Il Marchese de Beaulieu è un nobile ormai decaduto e pieno di debiti. Distrutto per quanto sta accadendo l’uomo ha un infarto e lascia i figli Clara (Pina Menichelli) e Ottavio senza nulla. Clara sta avendo una relazione con il Duca Gastone di Bligny (Luigi Serventi) perché spera di ottenere un salto importante in società ma alla morte del padre e con il collasso economico viene lasciata per Atenaide Moulinet (Lina Millefleurs), figlia del re del cacao e il cui padre è capace di compensare le copiose perdite economiche di Gastone al gioco. A Clara non resta che sposare per ripicca il buon Filippo Derblay (Amleto Novelli) che da tempo la ama e non si accorge di essere solo un ripiego. Lo scoprirà, però, il giorno del matrimonio e interromperà, esclusi gli eventi pubblici, ogni rapporto con lei. Nel corso del tempo Clara inizierà ad amare realmente Filippo, pur non riuscendo a dichiararsi. Gastone, nel frattempo, comprende di amare a sua volta Clara e cerca di dichiararsi a lei e di approfittare dell’assenza di Filippo. Questa situazione intricata terminerà in una sfida a duello tra Filippo e Gastone che si concluderà con l’intervento di Clara stessa che si lancia in difesa del suo sposo ferendosi fortunatamente solo ad una mano.  A queste vicende si intreccia la storia d‘amore tra Ottavio e la sorellina di Filippo (Myriam De Gaudi), unione che vede prima l’opposizione di quest’ultimo che crede in un nuovo inganno, ma che poi riesce a concretizzarsi unendo più che mai le famiglie de Beaulieu e Derblay.
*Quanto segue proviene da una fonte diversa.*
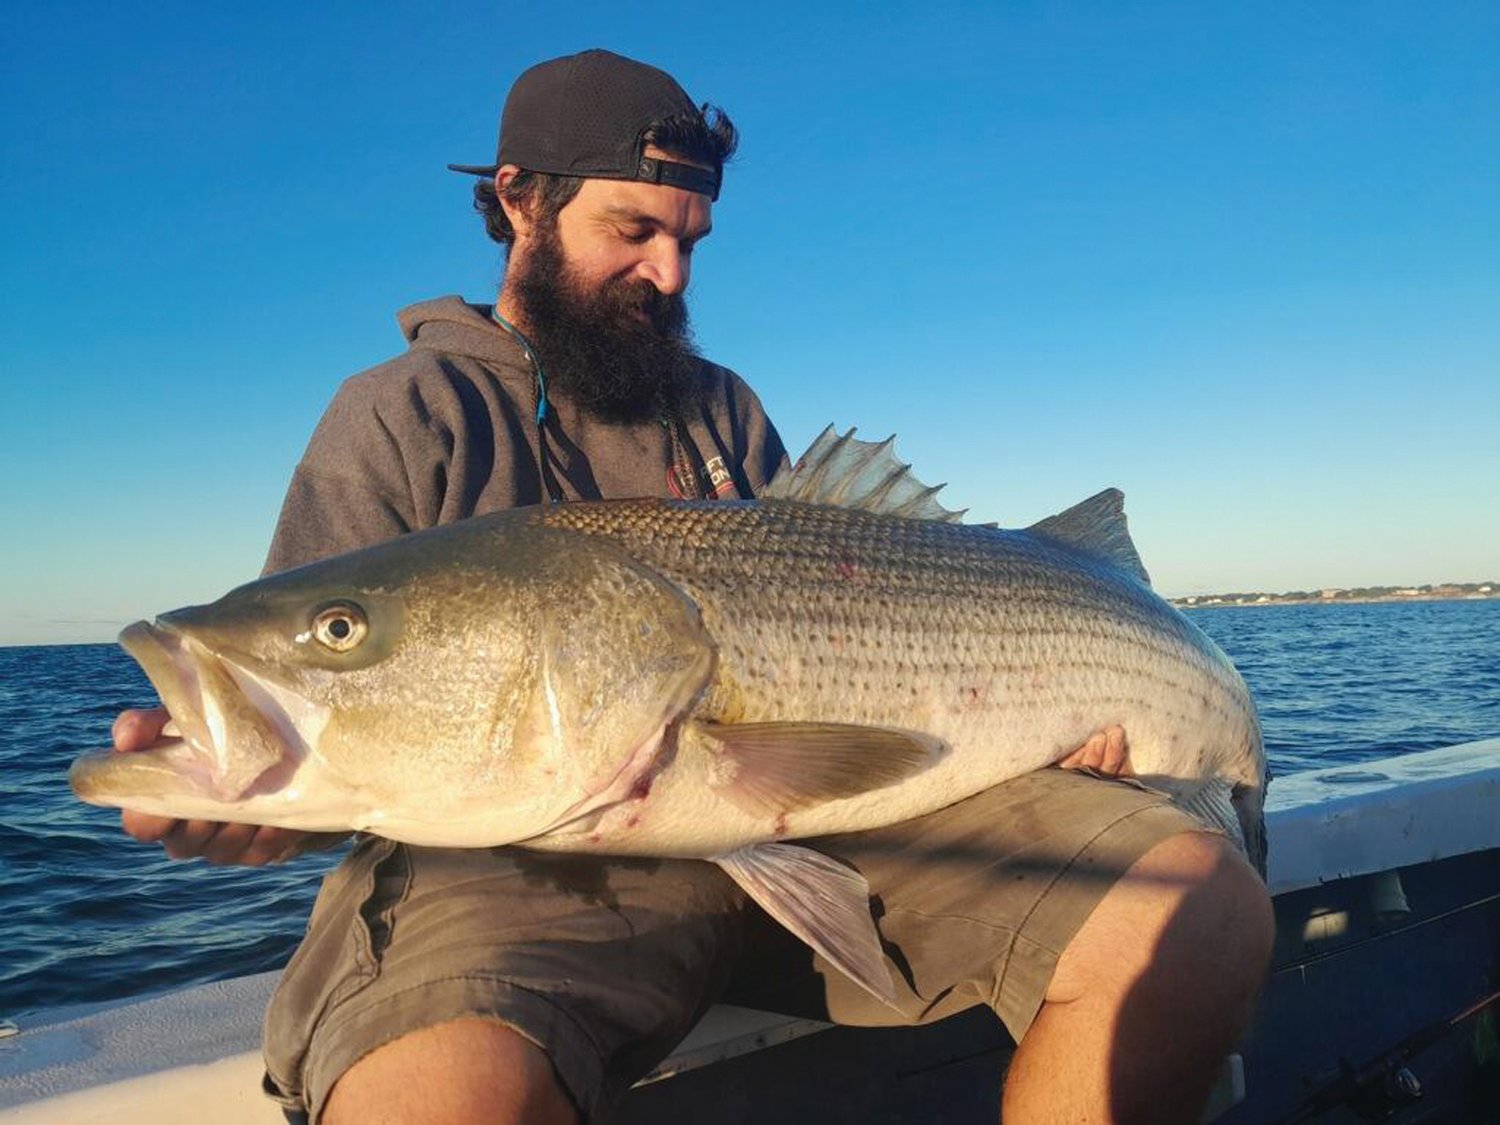 STRIPED BASS: Jeff Sullivan, an associate at Lucky Bait & Tackle, Warren, with the 53-pound striped bass and caught and released off Newport this weekend using a top water lure. (Submitted photos)

Il film aveva già avuto una trasposizione francese nel 1912 con regia di Henri Pouctal che purtroppo non sono riuscito a visionare. Devo dire che nonostante il melodramma non sia esattamente il mio genere preferito ho trovato Il padrone delle ferriere piuttosto piacevole anche perché si è trattato del mio ritorno alla visione di un film muto dopo tanto tempo. In tempi duri son riuscito a ritrovare conforto nella familiarità e non è certo cosa da poco. Devo dire che sono rimasto anche sorpreso per il lieto fine: mi sarei aspettato che Clara morisse per punizione ai peccati commessi come spesso capitava, oppure che fosse il buon Filippo a lasciarci le penne! A parte le scemate, complice forse la lunga sosta, devo dire che ho apprezzato la discreta varietà di ambientazioni, la recitazione e anche il modo in cui la vicenda viene sviluppata con le giuste tempistiche e mantenendo sempre un certo ritmo nello svolgimento pur con i dovuti limiti dovuti al genere.

Il film è visionabile nella pagina vimeo della cineteca e vi invito davvero a spulciarla per approffitare di questi giorni di ritiro forzato.